You never know if you’ll need to go back there.’
‘Not
this side of my own retirement, thanks – and not then, either!’
Ash
finished off a couple of reconsideration letters for people she had seen the
week before, then came out to the main office to have lunch with her
friends. The sign on the door was turned
to read ‘open’ on the inside. Roger was
lunching at his desk.’
‘I bet
you didn’t know the Queen had shares in Brighthouse!’ he said, addressing
Ashley.
‘The Queen?’
‘The Queen. It’s all over the news after that Panorama programme last night. Did you see it?’
‘I was
working.’
‘There’s
more about it on tonight. It’s all come
out of one of these tax avoidance schemes for the super-rich. Either someone’s hacked their database or
someone with a grudge has leaked a load of information, and journalists from
all over have been trawling through it.’
‘The
Queen investing in Brighthouse! Isn’t that
just the whole screwed-up system described in one? You seriously could not make that up!’
‘Who
else has been squirrelling tax money away?’
'Louis Hamilton, Bono...'
'No surprises there.'
Roger and Ashley laughed, Jules didn't.
'It's sickening, isn't it? They have so much money, more money than any of us can even imagine, let alone ever earn or own, and they want even more. They want to hide it away, so it doesn't get taxed, but they never think of what that means to everyone else. They want another mansion, so we can't have a school. They want another yacht, so we can't have a fleet of ambulances. They want the best champagne when they throw a party, so we're sending people to foodbanks for their next meal.' She stopped for a moment. 'I don't mean to rant but look what happens if any of us don't play by the rules.'
'I know,' said Ashley. 'Like when I got sanctioned. I still owe my old landlord nearly four-hundred quid.'
'Never mind when we don't play by the rules - look what happens when we do!' Roger said. 'We've had more folk through these doors this past year than we've ever had, being chucked off their DLA because of this change-over to PIP, going through all the hassle of mandatory reconsideration and then having to appeal just to end up back where they started. What's that all about? We're talking about sick and disabled people being tortured by the system, so the fat cats can live it up. I want to look them in the eyes and tell them what their greed means to our people.'
'I want them all locked up,' said Jules. 'If I stole millions of pounds, they'd soon lock me up.'
'That's the problem,' Ashley noted. 'Technically, they haven't stolen anything. They'd say their tax advisers are simply doing for them what we do for our clients; protecting their rights and maximising their income. When you see rich people getting challenged about it, they always say anyone in their position would do the same, because no-one likes paying tax. That's what has to change - people who can afford it should feel proud of paying their taxes, not resentful. I'm looking forward to earning enough to pay tax, and building up a proper National Insurance record. At least that way I can dodge UC when I'm out of work again!'
After lunch, she sat with Roger and Jules as they decided who would take on which of her appeal clients. There were eight in total, seven after she put Kieran Sullivan's file to one side. His appeal hearing was coming up on Friday. She would go with him to that.
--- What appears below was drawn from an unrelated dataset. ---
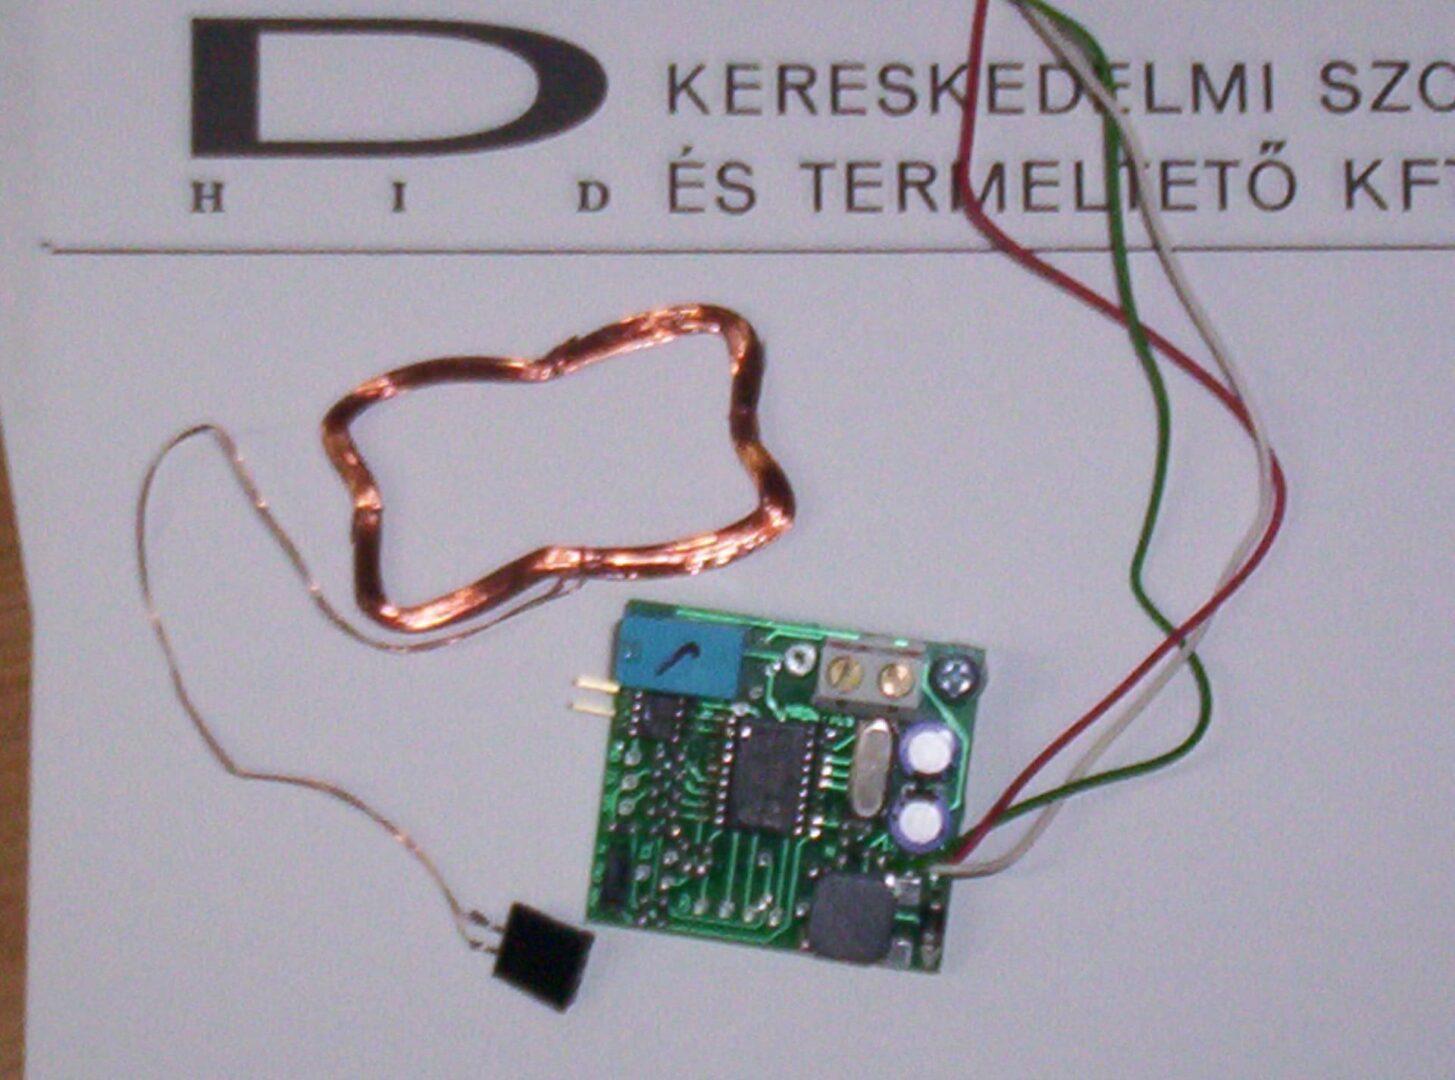 D-HID - Sector beléptető KDC-1803-ba szerelhető kártyaolvasó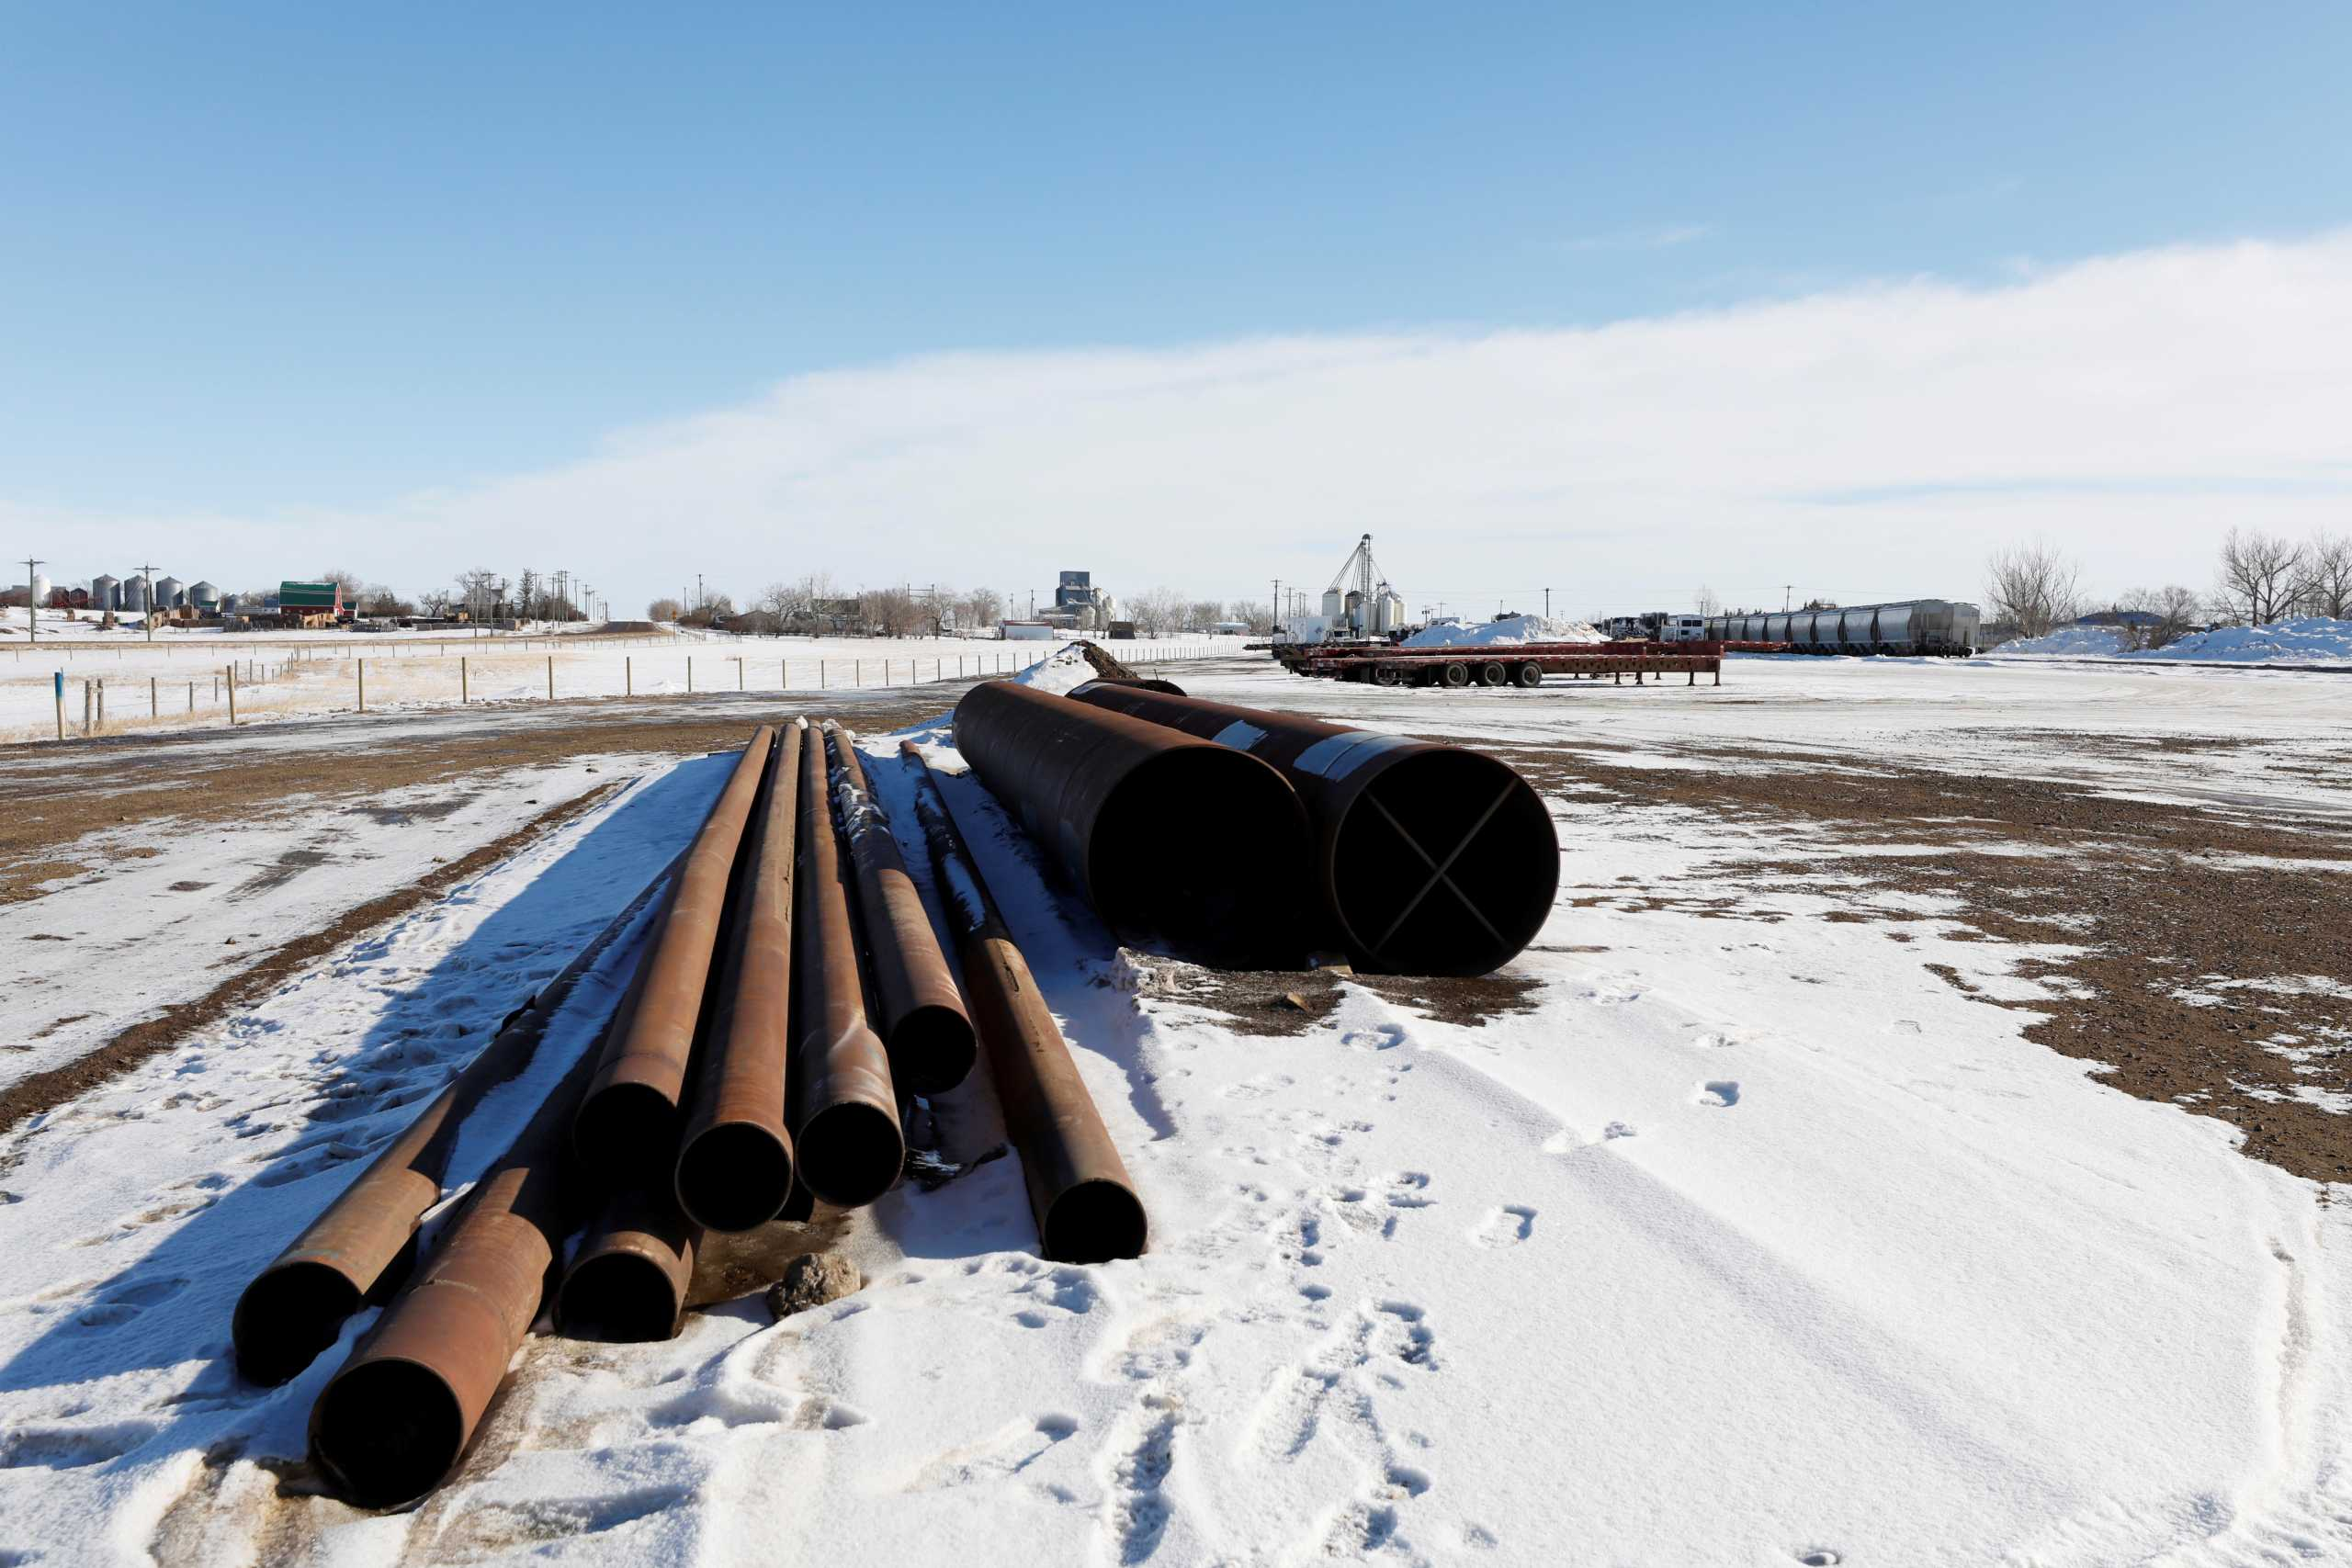 Ναυάγησε ο αμφιλεγόμενος πετρελαιαγωγός Keystone XL

Kieran's case was unusual in that he actually hadn't had a bad assessment - it was the law that was unclear. He had unpredictable blackouts following a head injury. The case manager at the DWP concluded that they were too infrequent to score points for PIP. Ashley's argument was that the risk was always there and that, as a result, he needed supervising when he was carrying out many of the PIP activities. A very recent Upper Tribunal decision appeared to support her. She was almost looking forward to the hearing. She might even put her suit on for it.